Als een predikant twintig jaar geleden enkele bijzonderheden over bijvoorbeeld Efeze in zijn preek naar voren bracht, zagen de hoorders dat als een uiting van belezenheid en studiezin. Nu wordt er gedacht: „De dominee heeft op internet rondgekeken.” Niet dat men dat verkeerd vindt, maar er is een andere waardering dan vroeger voor die informatie. Iedereen kan namelijk moeiteloos kennisnemen van die bijzonderheden. Natuurlijk realiseren we ons allen dat een preek meer is dan wat informatie doorgeven.
Door die grote toegankelijkheid van informatie wordt ieder die zich bezighoudt met onderwijs en vorming gedwongen om de informatie een zinvolle plaats te geven. Betekenisvol onderwijs of een betekenisvolle voordracht biedt meerwaarde en geeft een andersoortig gezag dan alleen respect voor kennis.
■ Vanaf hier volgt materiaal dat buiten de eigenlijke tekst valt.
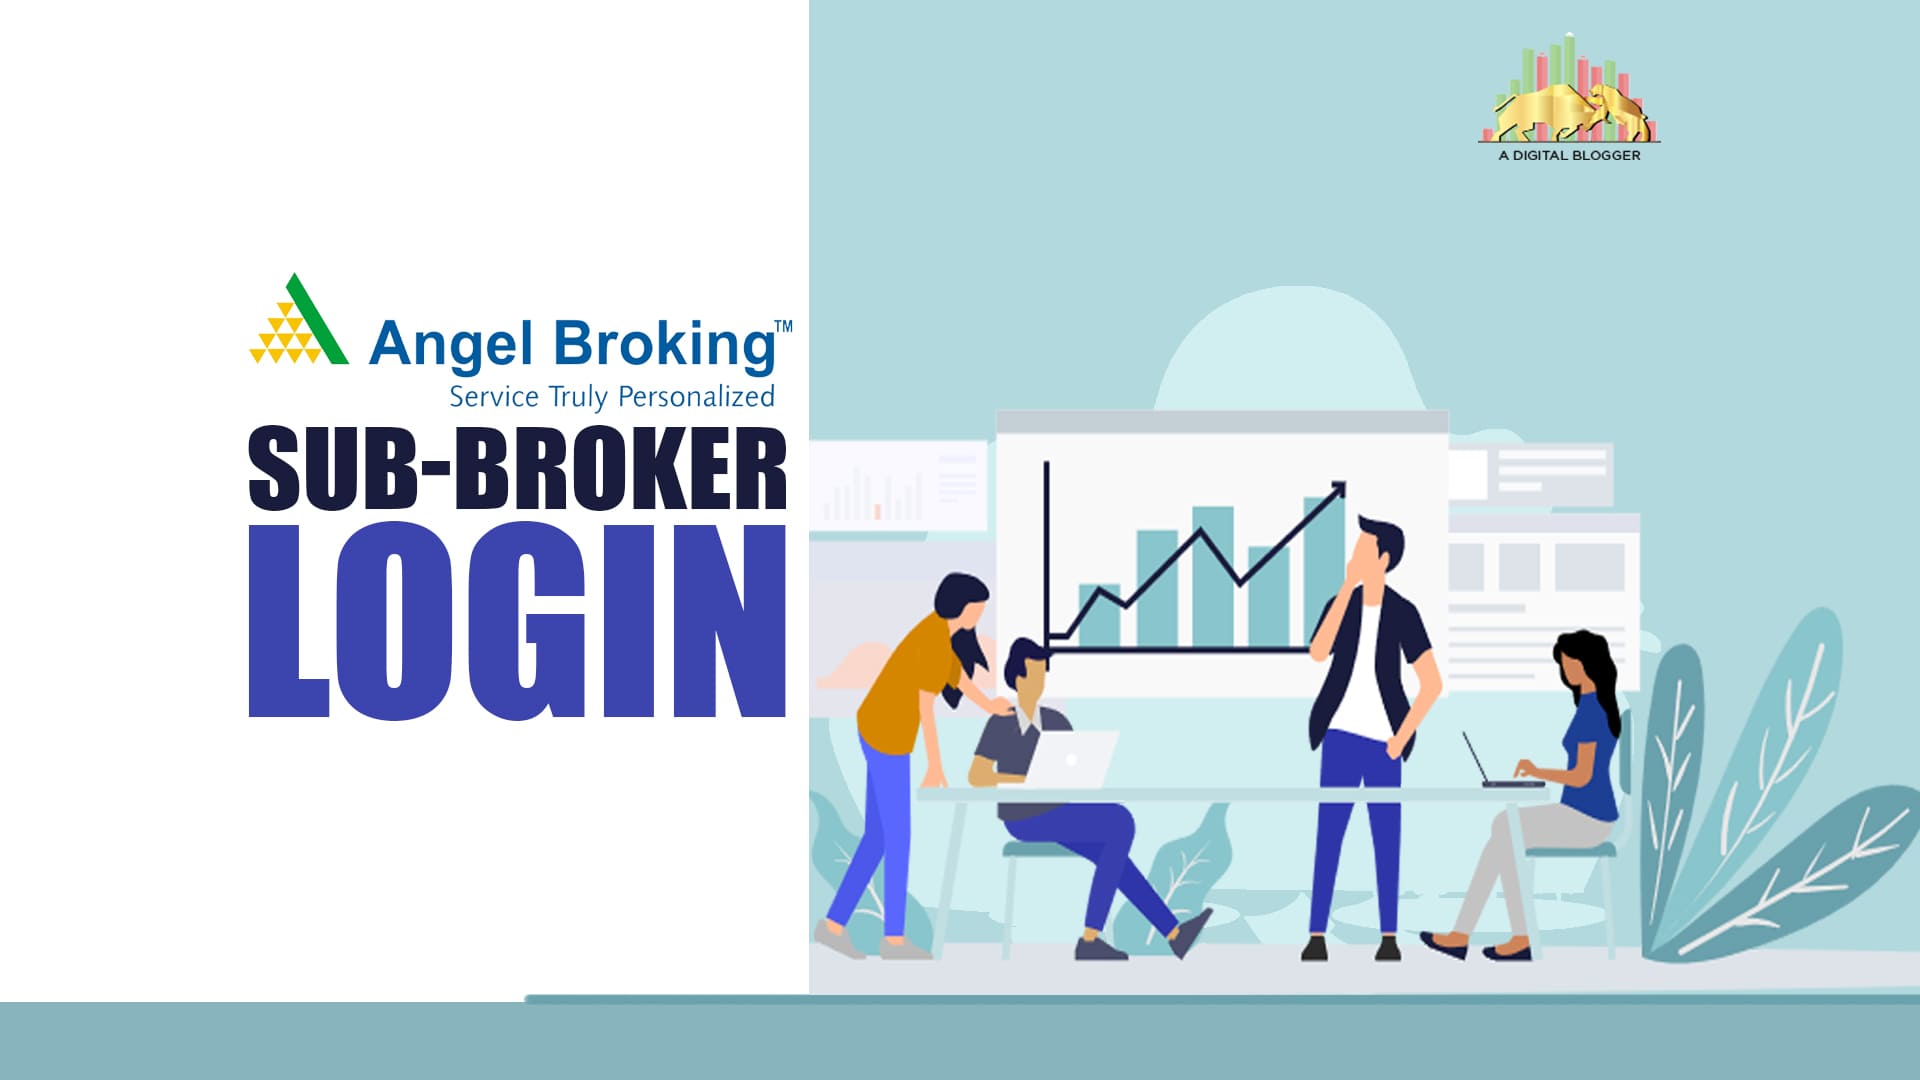 Angel Broking Sub Broker Login | Details, Web, Mobile

De vraag wat ik ermee kan, weegt zwaar.
Generatie Einstein
J. Boschma en I. Groen schrijven daar in hun boek ”Generatie Einstein” het volgende over: „Er groeit een generatie op die eraan gewend is dat er geen kennismonopolie meer is en dat alles op straat ligt. Het internet als vergaarbak van informatie speelt daarin een essentiële rol. Ze leren jong en kritisch kijken naar wie wat zegt en koppelen niet automatisch autoriteit aan een naam of rol.” Dit kernachtige citaat laat zien dat informatisering invloed heeft op de beleving van autoriteit.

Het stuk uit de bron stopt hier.